__WHAT YOU ARE ASKED TO DO__.
In the listing below, find the line containing "Botas usadas pelo" and the line containing "ανταλλαγής πληροφοριών όπως". Repeat exactly those two lines and every line between them.

__MATERIAL TO PROCESS__.
=== Section Start ===

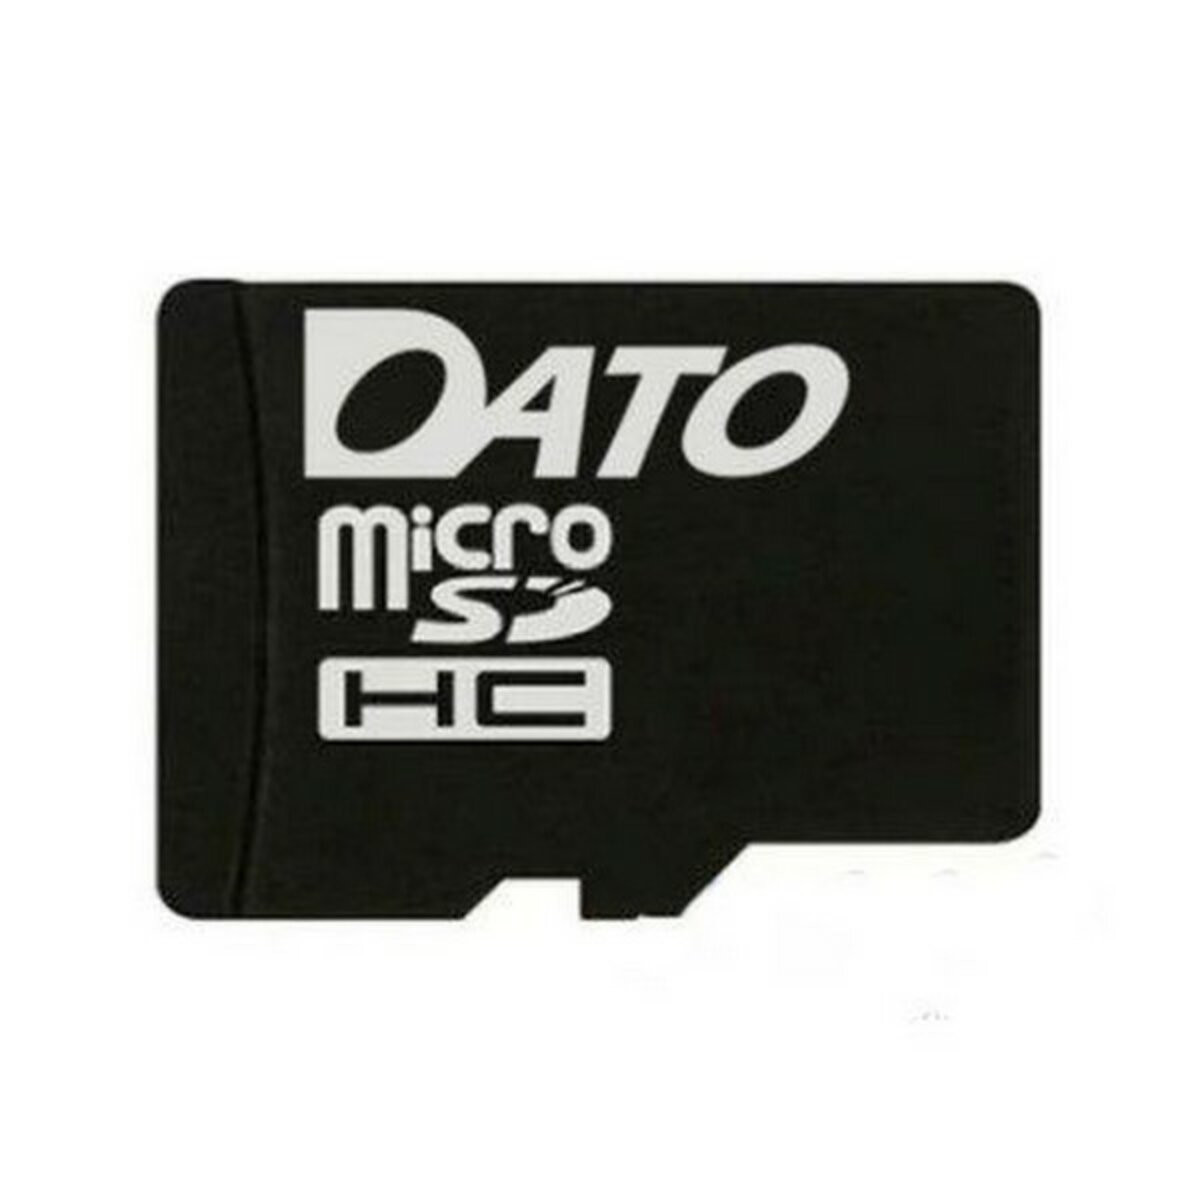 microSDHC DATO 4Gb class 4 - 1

=== Section End ===
=== Section Start ===

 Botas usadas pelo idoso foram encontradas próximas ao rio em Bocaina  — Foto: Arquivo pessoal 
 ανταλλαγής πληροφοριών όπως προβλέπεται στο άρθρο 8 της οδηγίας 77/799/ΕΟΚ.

=== Section End ===

__FINAL ANSWER__.
 Botas usadas pelo idoso foram encontradas próximas ao rio em Bocaina  — Foto: Arquivo pessoal 
 ανταλλαγής πληροφοριών όπως προβλέπεται στο άρθρο 8 της οδηγίας 77/799/ΕΟΚ.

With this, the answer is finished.